LOH in a transgenic model of breast cancer
- Michael Davies
© Current Science Ltd 1999
Published: 1 December 1999
The erbB2/neu gene is known to encode a tyrosine kinase transmembrane receptor of the HER family and is frequently amplified and overexpressed in human breast cancer. In these cancers other genetic modifications, such as gene amplification, deletion or mutation, are likely to contribute to the development of malignant tumors. Loss of heterozygosity (LOH) is the most common type of mutation seen in human primary breast carcinoma. To study the molecular events involved in erbB2/neu transformation several groups have studied transgenic models with erbB2/neu under control of the mouse mammary tumor virus long terminal repeat (MMTV-LTR). These mice develop mammary tumors stochastically and after a long latency peroid.
To study molecular events at the level of LOH in a wide range of chromosomal loci in order to determine which loci are important in collaboration with the activated erbB2/neu transgene.
In human breast cancer the pattern of loss of heterozygosity (LOH) is complex and both the cancer and in situ lesions can be genetically unstable. The evidence presented in this paper suggests that specific early genetic changes (in this case a transgene) co-operate with particular tumor suppressor genes. Interestingly, using a gene frequently implicated in human breast cancer, several chromosomal loci syntenic with human tumor suppressor genes (or putative loci) were identified. It may be important in human studies to subdivide tumors being studied for LOH on the basis of the known cellular phenotype such as erbB-2 status.
Transgenic mice were bred from the mouse mammary tumor virus/neu (MMTV/neu) transgenic mice line MN-10 to produce (BALB/c x C57BL/6)F1 females. These mice developed spontaneous mammary tumors after multiple pregnancies. LOH analysis was performed on mammary tumors. Eighty-six simple sequence length polymorphism markers, chosen to be evenly distributed (~20cM), were used to cover all of the somatic chromosomes. PCR was performed using a radiolabelled primer and LOH was scored on autoradiographic film by comparison with normal DNA from the kidney.
Mammary tumors appeared in multiparous females between 10 and 26 months of age. A total of 62 mammary tumors were collected, with multiple tumors from individual mice collected separately and treated as independent tumors. LOH was very common with 56 of 62 tumors (90%) having at least one chromosome with LOH. The mean number of chromosomal losses was 2.1 with a median frequency of 2.4 and a maximum of 9. The average rate of loss for all chromosomes was 11% with individual chromosomes being low (5% or below - Chr 2, 3, 5, 6, 10, 11, 12, 13, 15, 17 and 18) or near the average (Chr 7, 9, 14, 16 and X). Chr 1 had a rate of loss of ~20%, but this was not significantly greater than the average. Chr 8 (21%), 4 (50%) and 19 (32) all displayed significantly greater losses and these chromosomes underwent further investigation.

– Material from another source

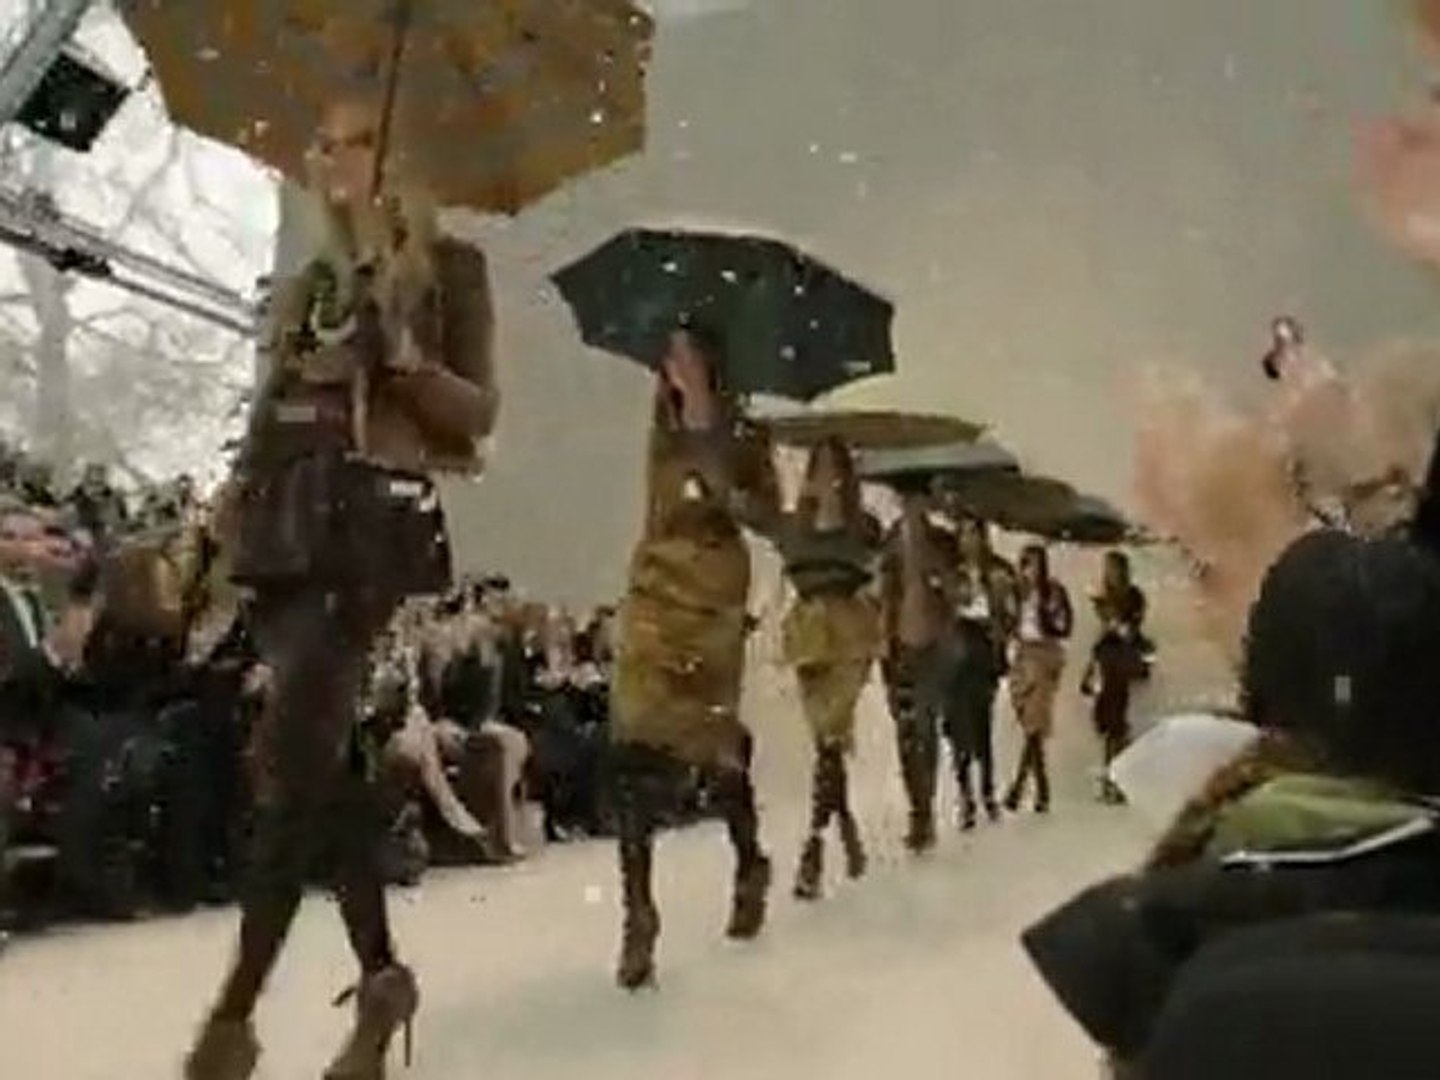 Burberry unleashes rain on its parade

There were three chromosomes identified as being potential locations for tumor suppressor genes that are particularly linked to tumorigenesis involving erbB2/neu. Up to two independent tumor suppressor loci are present on Chr 8. One mapped close to E-cadherin and is syntenic with human chromosome 16q22.1. The other (67cM distal) is syntenic to human Chr 16q24.3. Both these regions have been implicated in human breast cancer. Chr19 losses possibly represent two loci, one of which is syntenic to human Chr 11q and the other to 10q23-25 which harbours the PTEN/MMAC1 gene. Up to five distinct loci were identified on Chr 4 with synteny to various human loci including 8q22, 9q32-34 and 9p21-23 (which harbours MTS1 and MTS2). Hence, specific LOH loci, many of which are syntenic with regions of human chromosomes that are known to harbour tumor suppressor genes, have been linked to erbB-2/neu malignant progression in these mice. Other novel loci have also been identified. A similar transgenic line has been studied by Ritlandet al (Cancer Res 1997, 57:3520-3525) which shares some of the characteristic losses described here and an extra loci of loss on chromosome 3. These differences may relate to the different mouse strains used. Further study of LOH in similar animal models may help identify tumor suppressor genes linked to specific types of breast cancer.